A vocal critic of the Nixon administration during the Vietnam era, Dr. Bernstein found that his research funding began drying up and suspected the reason was political, rather than scientific. Offered a position at the Boston University School of Medicine, he became an associate dean and professor, a post held nearly 20 years beginning in the mid-1970s.

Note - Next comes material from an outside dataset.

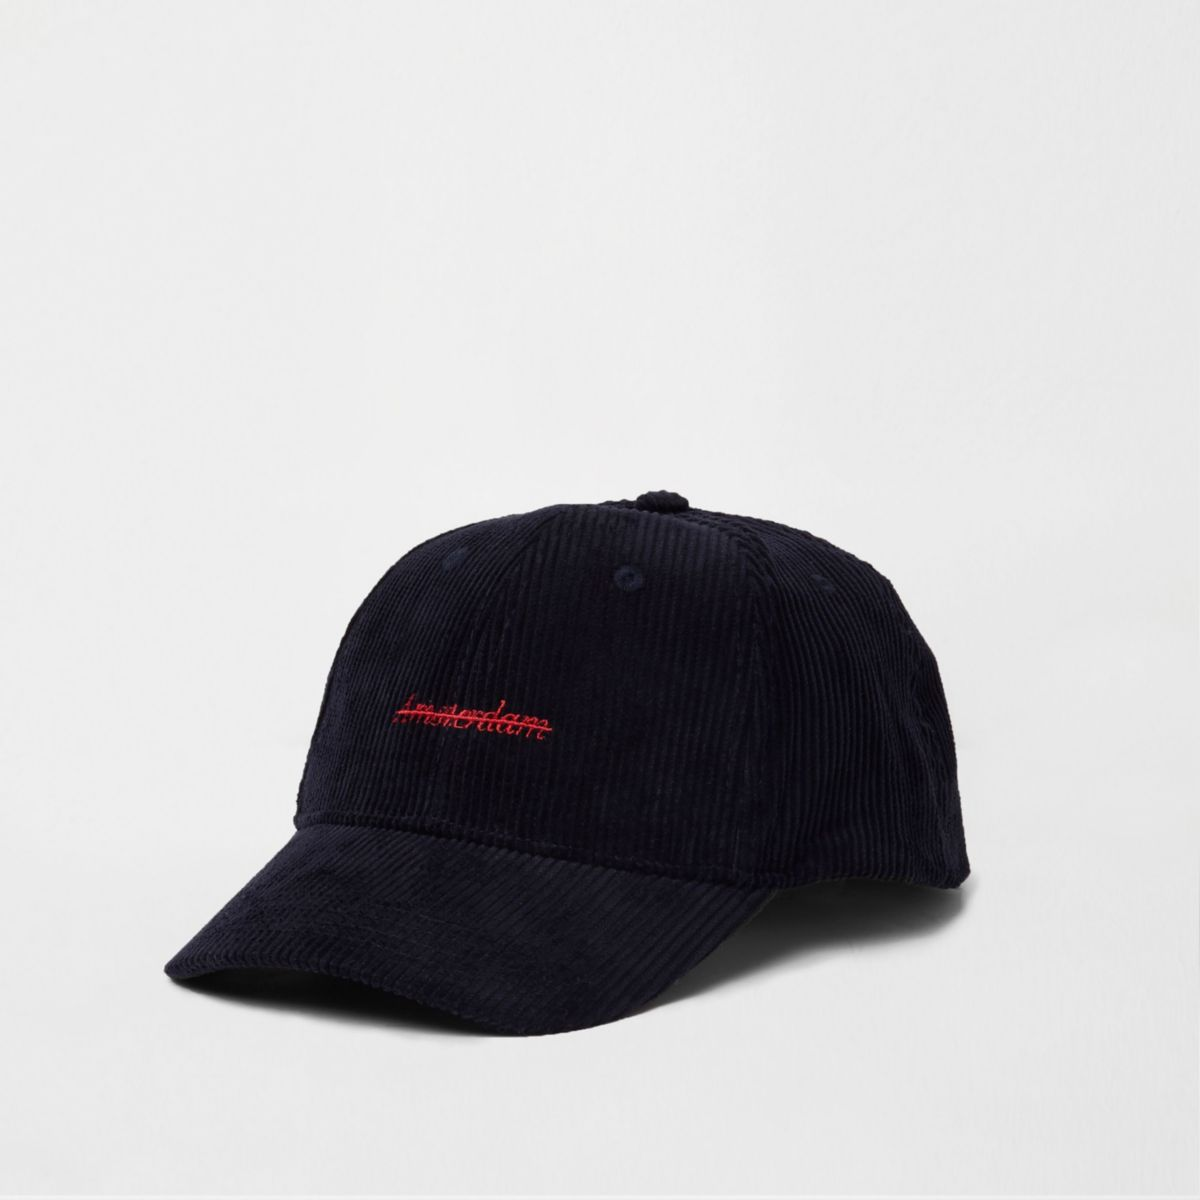 Navy 'Amsterdam' embroidered baseball cap

"My father, as a physician, had a sense of peace and justice in the world," Jeffrey said. "Even up to last week he was reading the columnists he liked and railing about the Bush administration."

Throughout his years in research and academia, Dr. Bernstein kept a clinical practice and saw patients -- including those too poor to seek treatment elsewhere.

"If people came in and they couldn't pay, he wouldn't charge them," Andrew said. "And he always dictated his notes in front of his patients so they knew what was going on."

For years he volunteered in Cambridgeport, helping patients outside the sphere of conventional healthcare.

"It was a free clinic, it was street people, mostly drug users," Jeffrey said. "He worked long hours, but he went over there. He felt it was his obligation. He would tell us stories -- he was seeing a lot of junkies and people who were in really tough shape. He was a Jimmy Stewart, 'It's a Wonderful Life" kind of guy. If he could put people on a path and redirect a life, he would."

Habitually upbeat, Dr. Bernstein kept a ready store of aphorisms that he dispensed along with his medical advice. And he had "a series of expressions for something that didn't make the grade," Jeffrey said. "A lousy pitcher or a lousy restaurant was 'El Junko.' The food out on Yawkey Way -- that was all El Junko."

An avid tennis player and music lover, Dr. Bernstein also had a passion for reading, devouring everything from John McPhee's nonfiction and Ken Follett's thrillers to novels and historical tomes. And, not surprisingly, he kept current on medical literature.

"I'm a neurologist, and whenever I had a primary care question, I called him and he always knew the answer," his daughter said.

After retiring from Boston University, Dr. Bernstein continued his practice through an outpatient group at Brigham and Women's.

"He had one patient he referred to me, and she said, 'I've known your father longer than you have,' " his daughter said. "He had treated her for 50 years."

Dr. Bernstein had hoped to return to his practice in September, and many of his patients would not change doctors on the chance that he would.

Last Monday, Andrew played for his father a recording of Franz Schubert's "Trout Quintet," Dr. Bernstein's favorite piece of music, and his brother kept a bedside vigil.

"I didn't sleep that night for obvious reasons," Jeffrey said. "He told me to turn the light on so he could look at me. It was maybe one of the last things he said; he lost his language early Tuesday morning. He just whispered that. That was my father."

In addition to his wife and three children, Dr. Bernstein leaves his sister, Betty Taymor of Cambridge; two grandsons; and three granddaughters.